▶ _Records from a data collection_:
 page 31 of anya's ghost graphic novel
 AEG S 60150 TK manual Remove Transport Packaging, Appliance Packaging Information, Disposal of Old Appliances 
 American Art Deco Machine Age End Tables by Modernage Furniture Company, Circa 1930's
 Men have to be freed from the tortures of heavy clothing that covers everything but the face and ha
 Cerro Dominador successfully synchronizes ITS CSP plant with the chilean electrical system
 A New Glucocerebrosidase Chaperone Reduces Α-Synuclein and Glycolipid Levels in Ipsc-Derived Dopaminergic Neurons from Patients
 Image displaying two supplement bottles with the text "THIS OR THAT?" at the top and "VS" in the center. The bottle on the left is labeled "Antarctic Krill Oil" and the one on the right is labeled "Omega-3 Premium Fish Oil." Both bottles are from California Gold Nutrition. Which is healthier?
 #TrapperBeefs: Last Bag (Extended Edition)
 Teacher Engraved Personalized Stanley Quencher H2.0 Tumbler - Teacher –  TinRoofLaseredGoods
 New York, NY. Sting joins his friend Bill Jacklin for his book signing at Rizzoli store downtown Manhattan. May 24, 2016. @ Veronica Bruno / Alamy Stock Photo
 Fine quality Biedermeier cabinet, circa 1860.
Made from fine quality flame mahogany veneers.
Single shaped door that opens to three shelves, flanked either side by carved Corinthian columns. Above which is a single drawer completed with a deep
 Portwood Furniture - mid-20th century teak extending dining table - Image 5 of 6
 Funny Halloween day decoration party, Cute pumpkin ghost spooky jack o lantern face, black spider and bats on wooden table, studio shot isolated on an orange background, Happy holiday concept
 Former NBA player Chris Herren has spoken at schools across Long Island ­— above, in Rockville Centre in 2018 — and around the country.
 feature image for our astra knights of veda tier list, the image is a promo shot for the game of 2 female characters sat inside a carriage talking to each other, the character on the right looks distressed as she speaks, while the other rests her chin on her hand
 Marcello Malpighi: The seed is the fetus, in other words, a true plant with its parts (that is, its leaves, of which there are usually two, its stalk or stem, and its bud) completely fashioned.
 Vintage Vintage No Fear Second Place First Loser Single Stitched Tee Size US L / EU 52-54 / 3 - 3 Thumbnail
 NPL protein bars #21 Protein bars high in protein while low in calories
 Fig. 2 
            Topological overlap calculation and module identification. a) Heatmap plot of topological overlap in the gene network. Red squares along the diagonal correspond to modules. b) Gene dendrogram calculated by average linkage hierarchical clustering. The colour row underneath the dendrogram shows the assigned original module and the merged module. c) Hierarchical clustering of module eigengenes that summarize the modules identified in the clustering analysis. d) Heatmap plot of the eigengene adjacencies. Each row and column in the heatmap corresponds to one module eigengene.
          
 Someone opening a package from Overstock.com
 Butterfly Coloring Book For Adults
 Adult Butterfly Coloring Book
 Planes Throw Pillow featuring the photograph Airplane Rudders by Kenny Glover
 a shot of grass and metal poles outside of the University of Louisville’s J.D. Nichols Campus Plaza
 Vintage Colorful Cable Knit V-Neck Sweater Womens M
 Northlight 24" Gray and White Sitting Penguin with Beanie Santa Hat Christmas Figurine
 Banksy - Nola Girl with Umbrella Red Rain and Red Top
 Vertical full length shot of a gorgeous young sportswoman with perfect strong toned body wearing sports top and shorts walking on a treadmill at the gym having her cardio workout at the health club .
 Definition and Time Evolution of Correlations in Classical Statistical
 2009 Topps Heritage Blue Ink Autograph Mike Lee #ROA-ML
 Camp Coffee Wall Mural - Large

▶ _YOUR OBJECTIVE_: All lines from the one with "2009 Topps Heritage" to the end of the records must be set down exactly. Skip every line before it.

▶ _EXPECTED ANSWER_:
 2009 Topps Heritage Blue Ink Autograph Mike Lee #ROA-ML
 Camp Coffee Wall Mural - Large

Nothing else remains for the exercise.